* _MATERIAL TO PROCESS_:
# # # # # # #

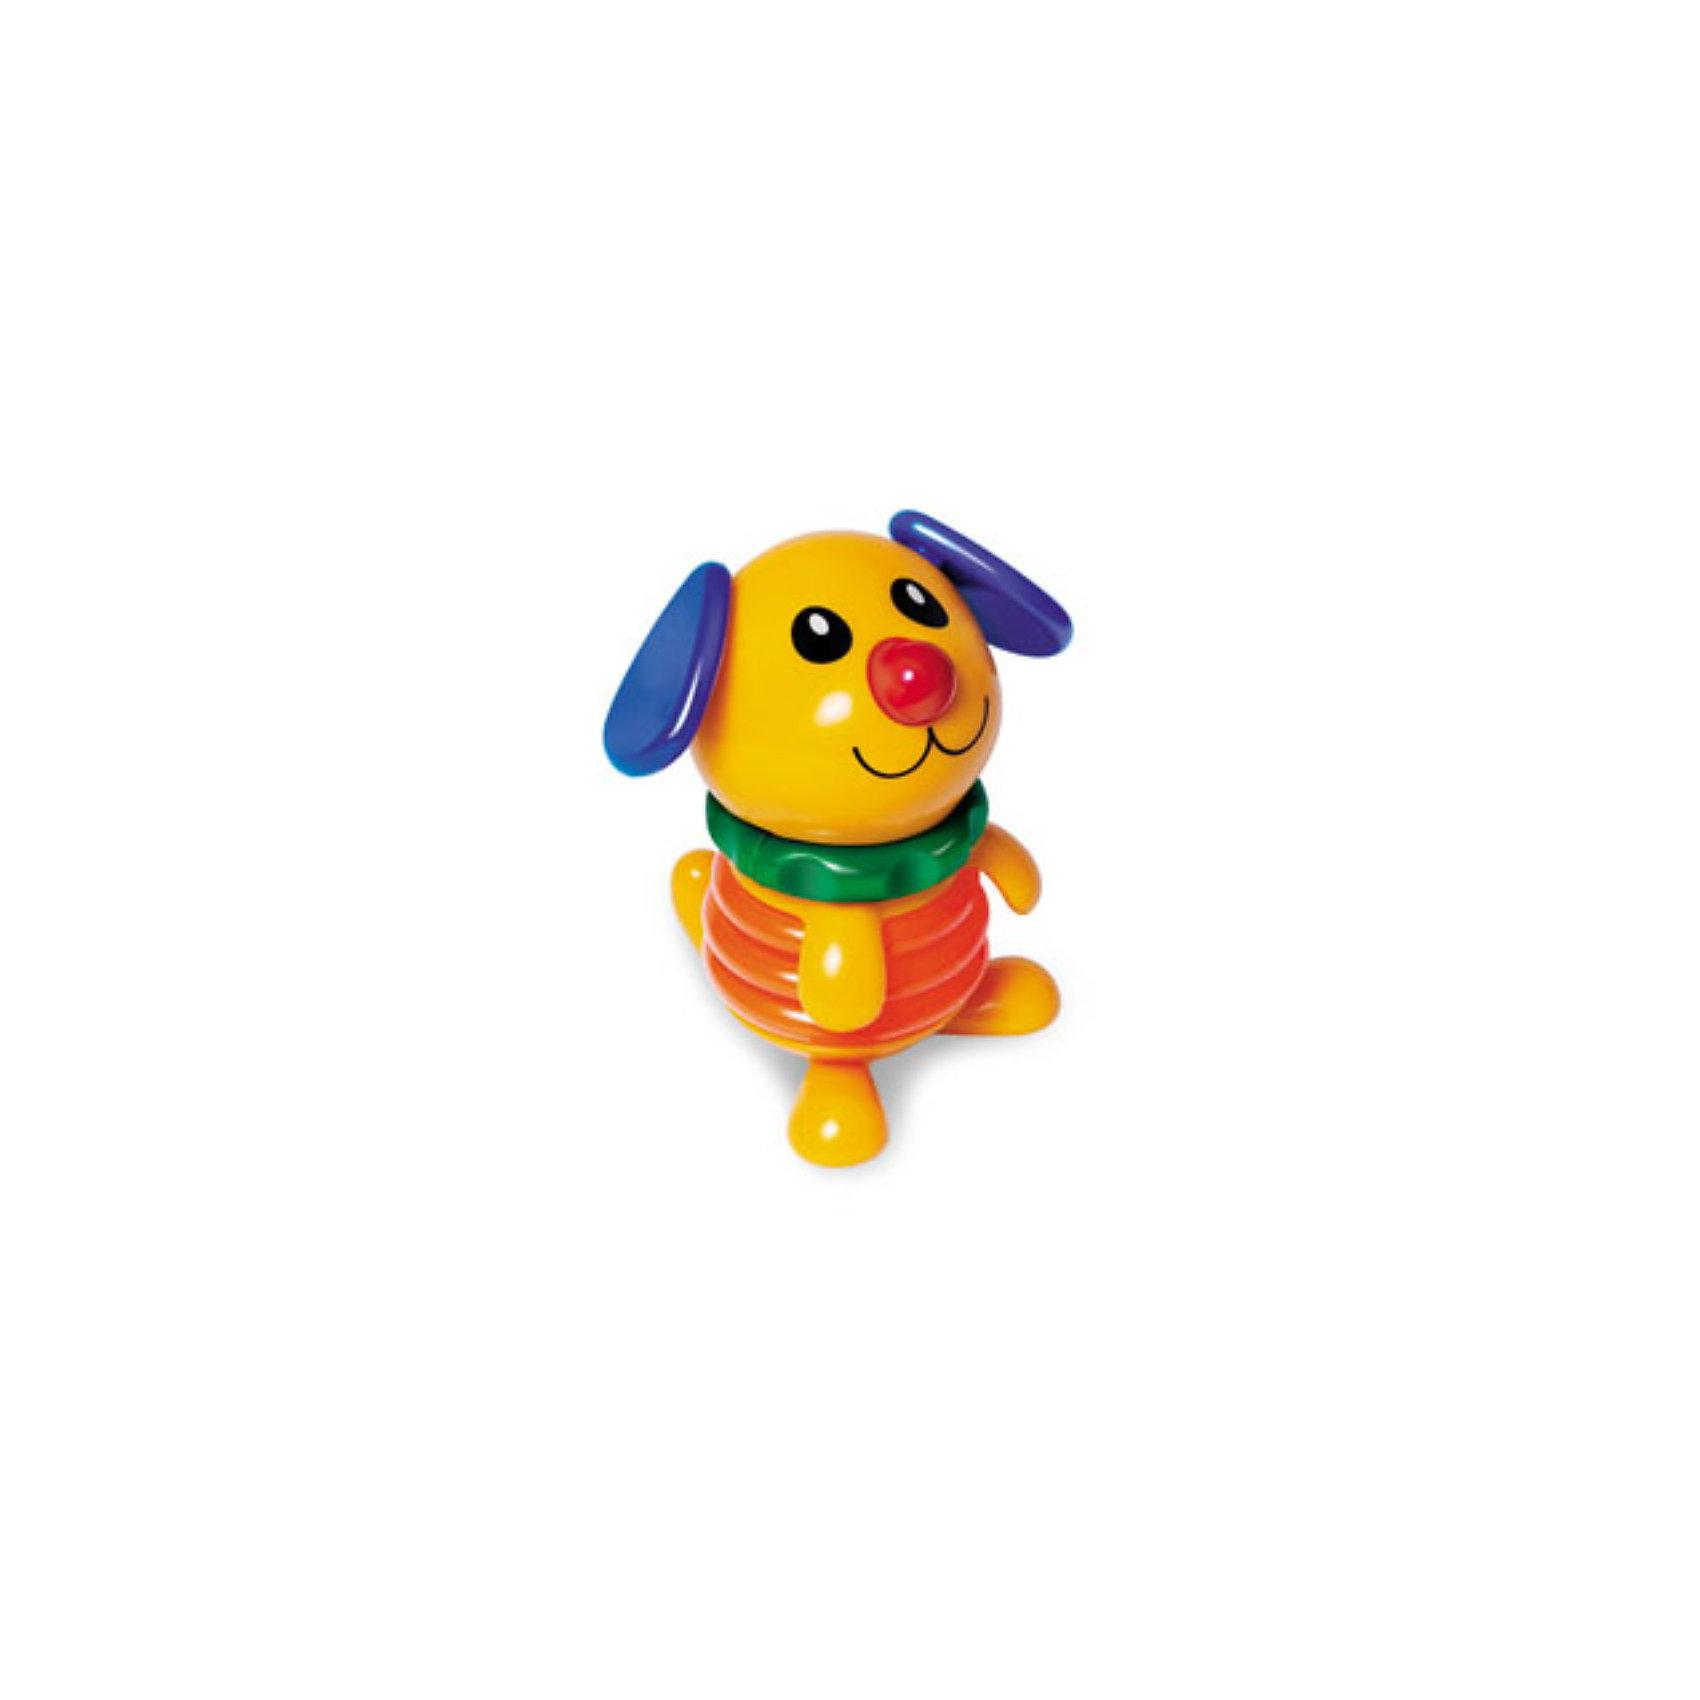 Фигурка Собака, TOLO CLASSICПогремушки<br>Игрушка-пищалка, сделанная в виде милого жёлтого щенка, надёжно привлечёт внимание малыша своим дизайном и громким звуком. Стоит нажать на голову щеночка, как он сложится почти вдвоё и издаст высокий писк! Его голова может крутиться в разные стороны с механическим потрескиванием, ушки вертятся, а размеры игрушки позволяют детским ладошкам без каких-либо затруднений хватать её и удерживать. Пластик, из которого она изготовлена, безопасен<br>для ребёнка, поэтому он без опаски может грызть или покусывать её.<br><br>Возраст: от 6 месяцев и старше.<br><br>Ширина мм: 125<br>Глубина мм: 65<br>Высота мм: 140<br>Вес г: 130<br>Возраст от месяцев: 12<br>Возраст до месяцев: 60<br>Пол: Унисекс<br>Возраст: Детский<br>SKU: 2276563
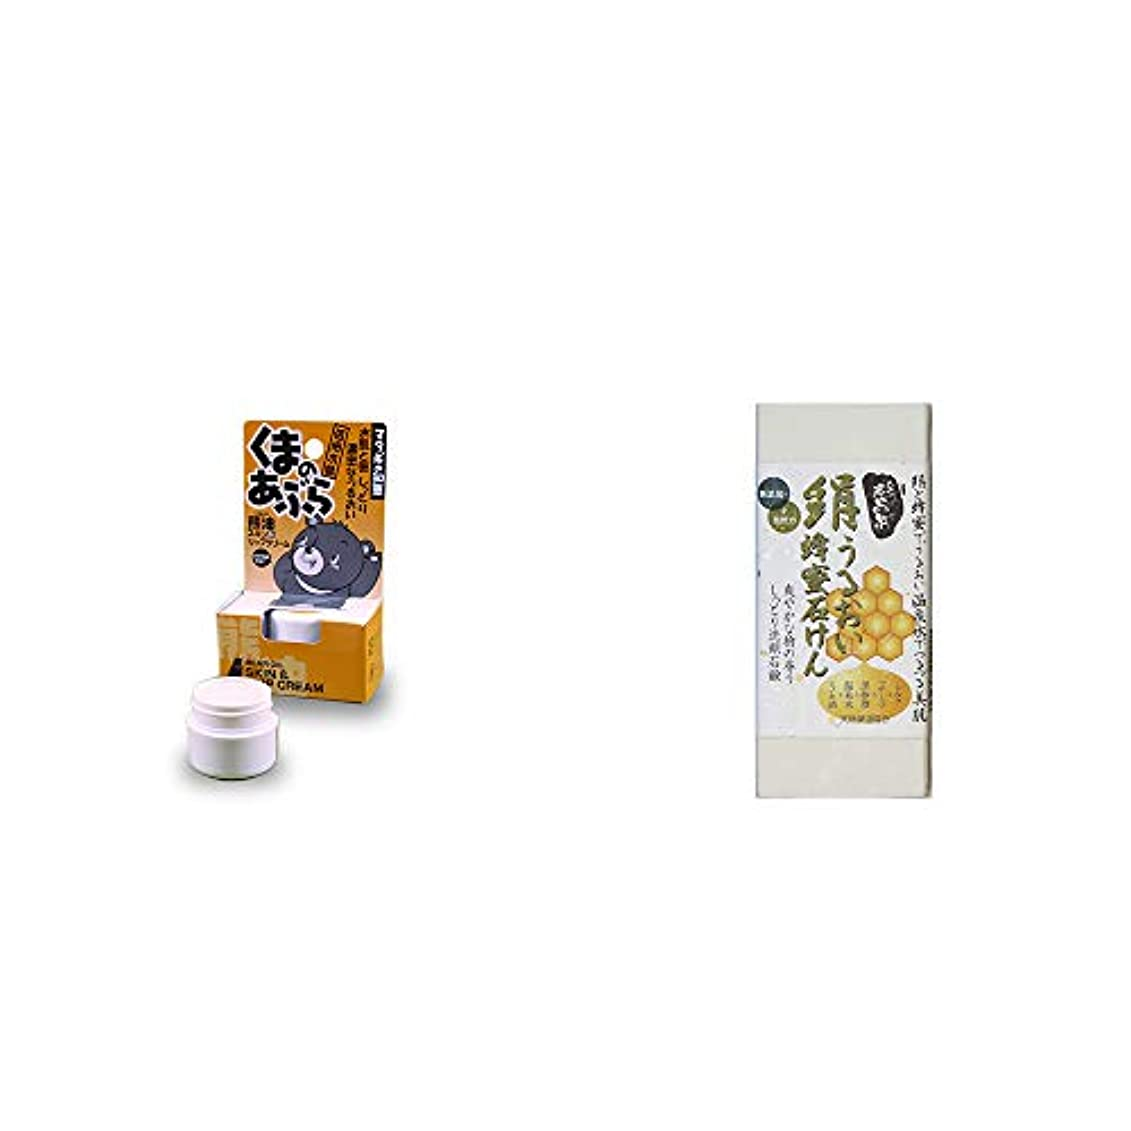 シーン光電ストライプ[2点セット] 信州木曽 くまのあぶら 熊油スキン&リップクリーム(9g)?ひのき炭黒泉 絹うるおい蜂蜜石けん(75g×2)
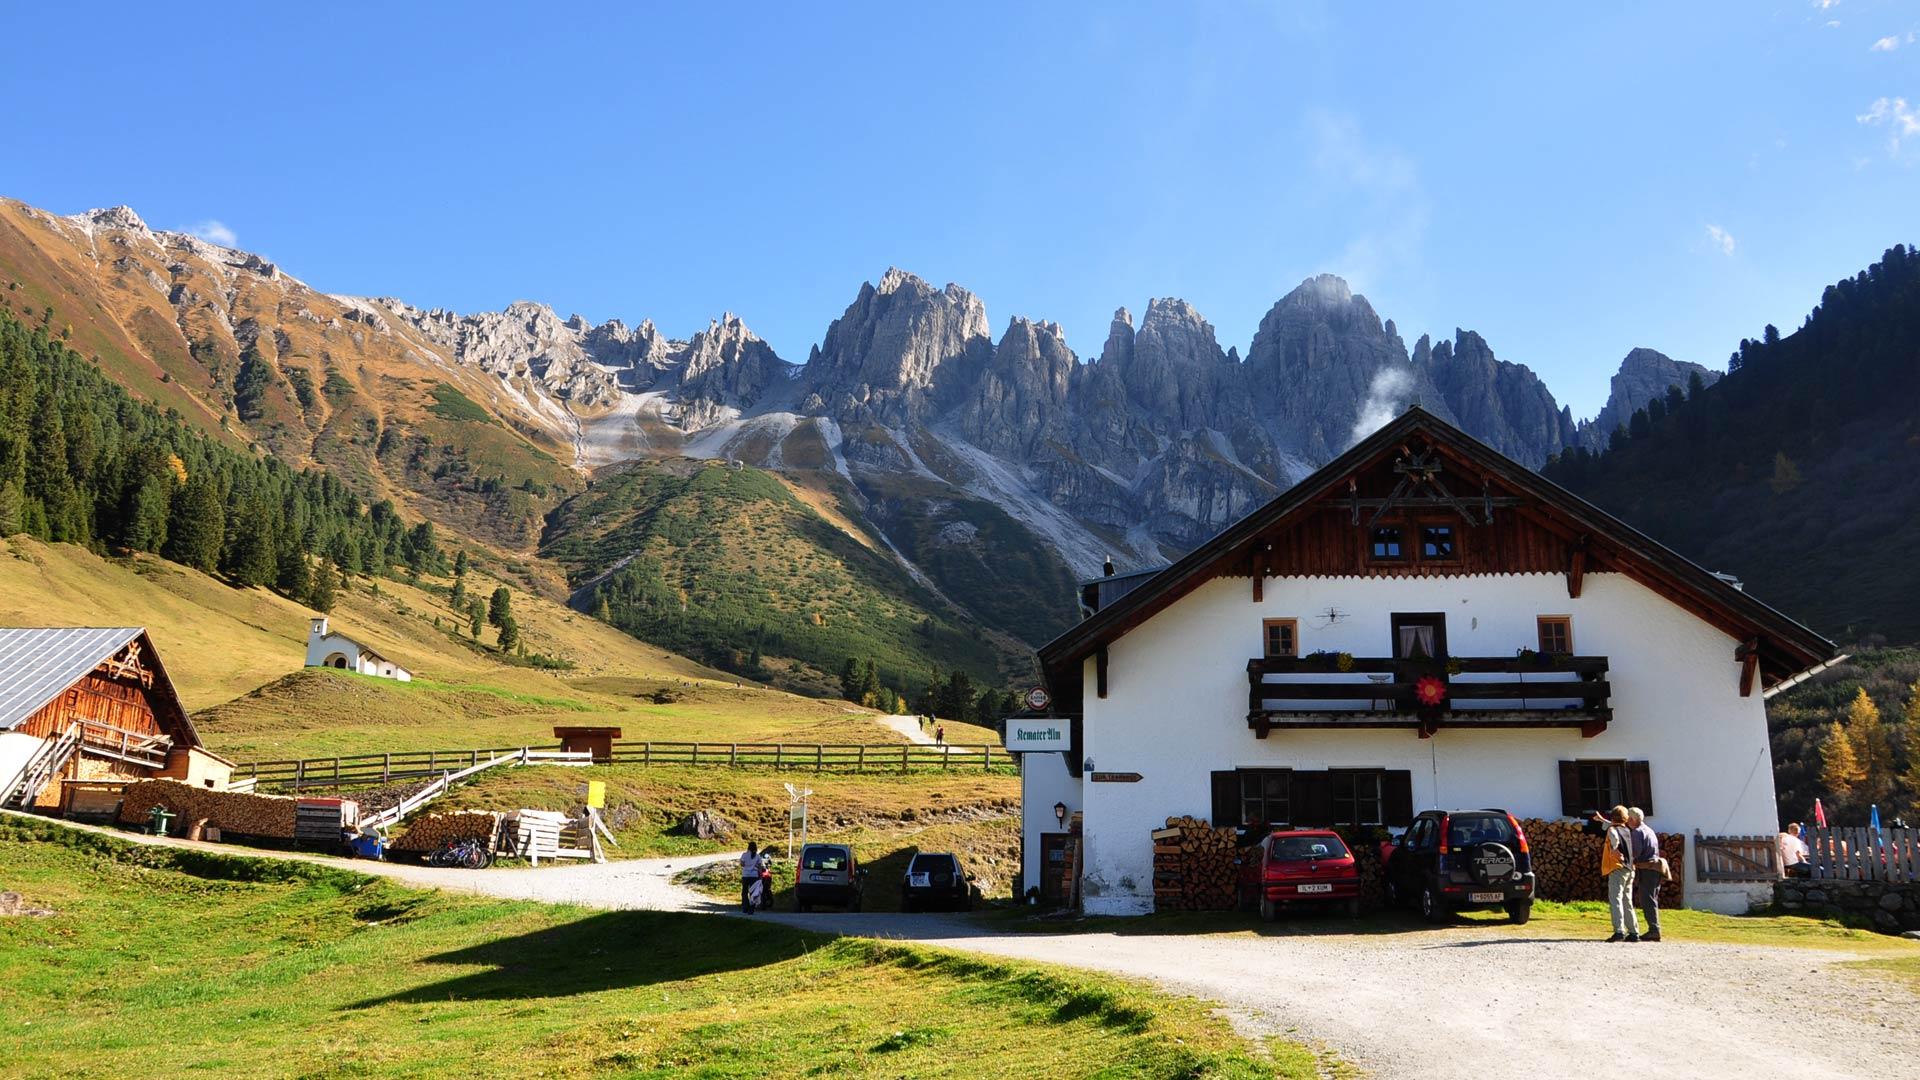 Klettersteig Graubünden : Steingrubenkogelu2013klettersteig 2633m von der kemater alm
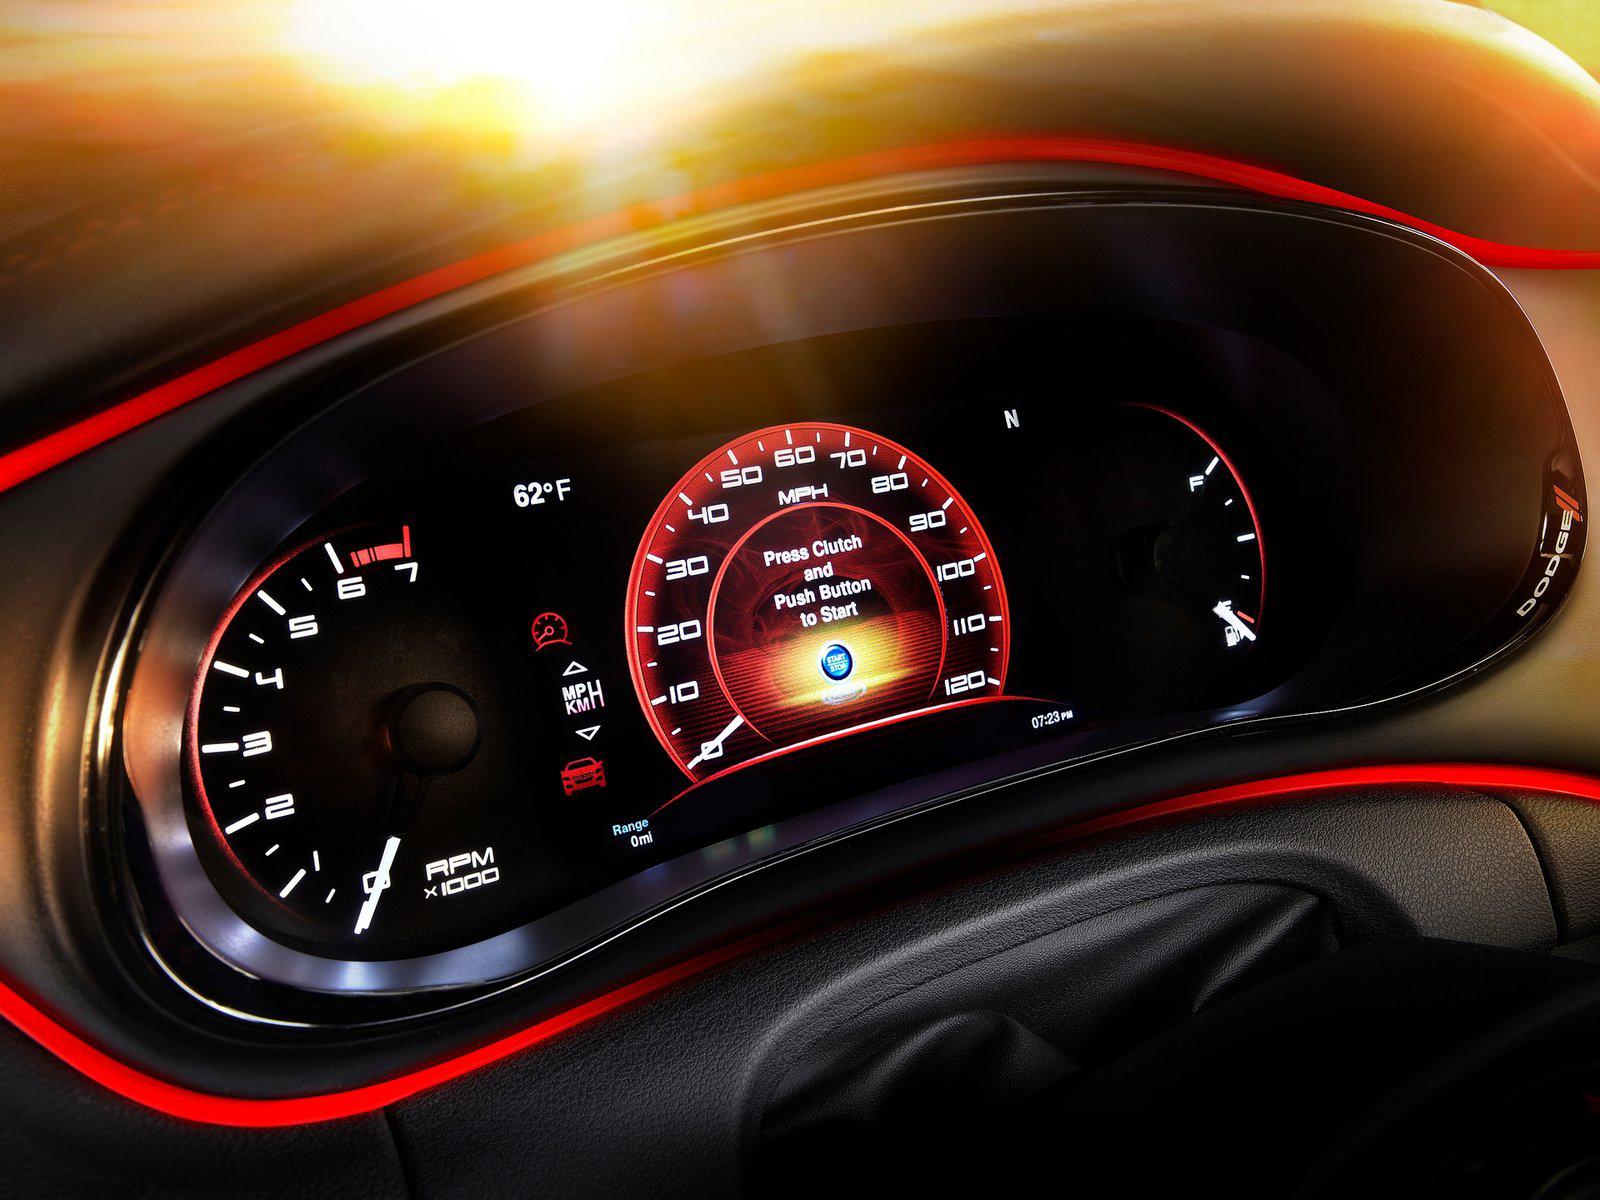 2012 Dodge Dart Premium gauge design
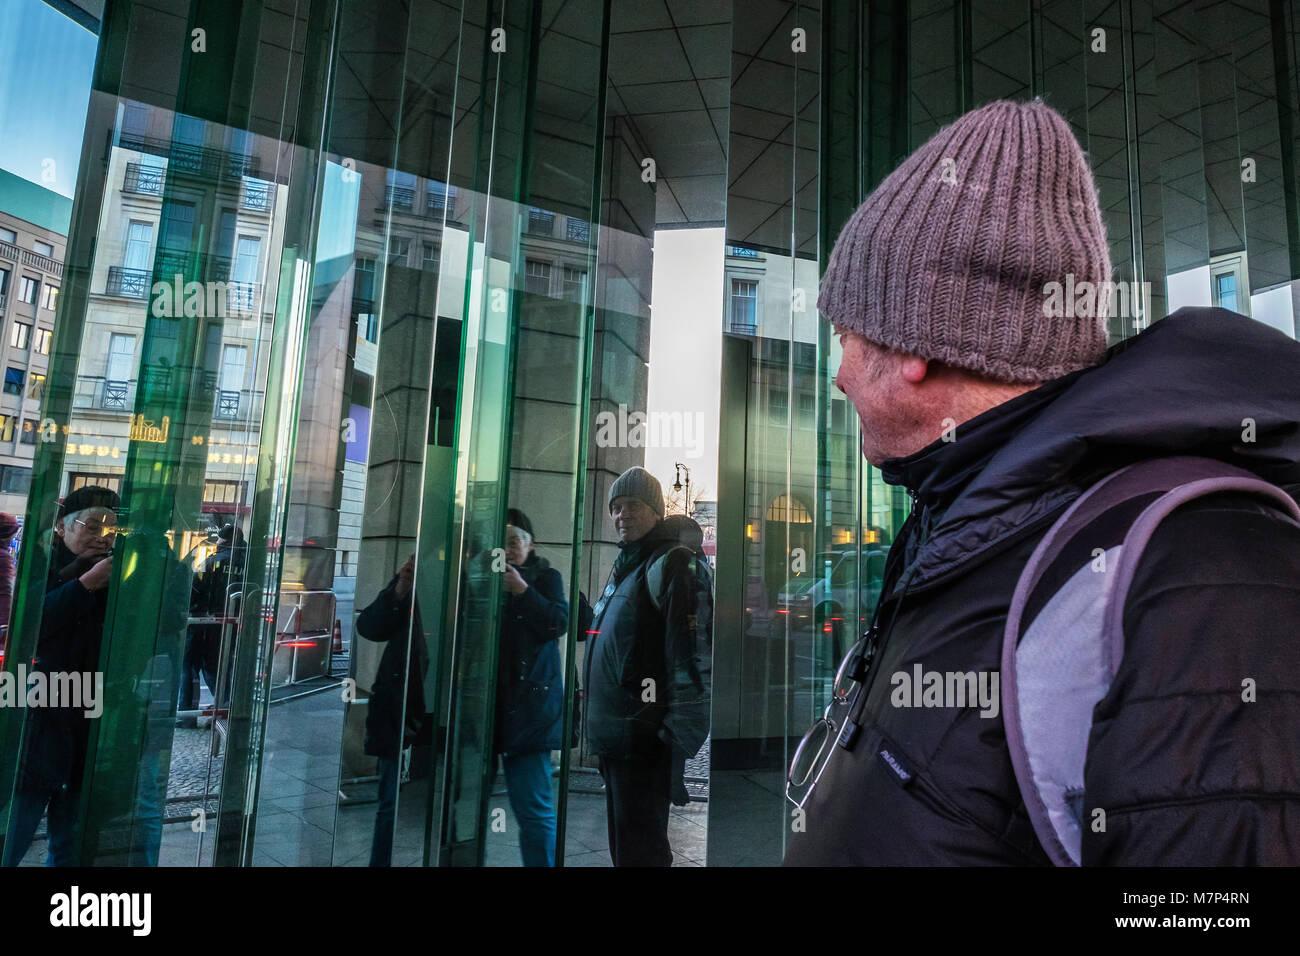 Berlin-Mitte.anziani turisti scattare foto di se stessi nella costruzione riflettente della superficie.Senior uomo Immagini Stock

# # # # # # #

* _WHAT YOU NEED TO DO_: An exact copy is needed of every line from the line containing "シーン光電ストライプ[2点セット] 信州木曽 くまのあぶら" to the last line of the records; pictures stay out of it.

* _TASK RESPONSE_:
 シーン光電ストライプ[2点セット] 信州木曽 くまのあぶら 熊油スキン&リップクリーム(9g)?ひのき炭黒泉 絹うるおい蜂蜜石けん(75g×2)
 Klettersteig Graubünden : Steingrubenkogelu2013klettersteig 2633m von der kemater alm
 2012 Dodge Dart Premium gauge design
 Berlin-Mitte.anziani turisti scattare foto di se stessi nella costruzione riflettente della superficie.Senior uomo Immagini Stock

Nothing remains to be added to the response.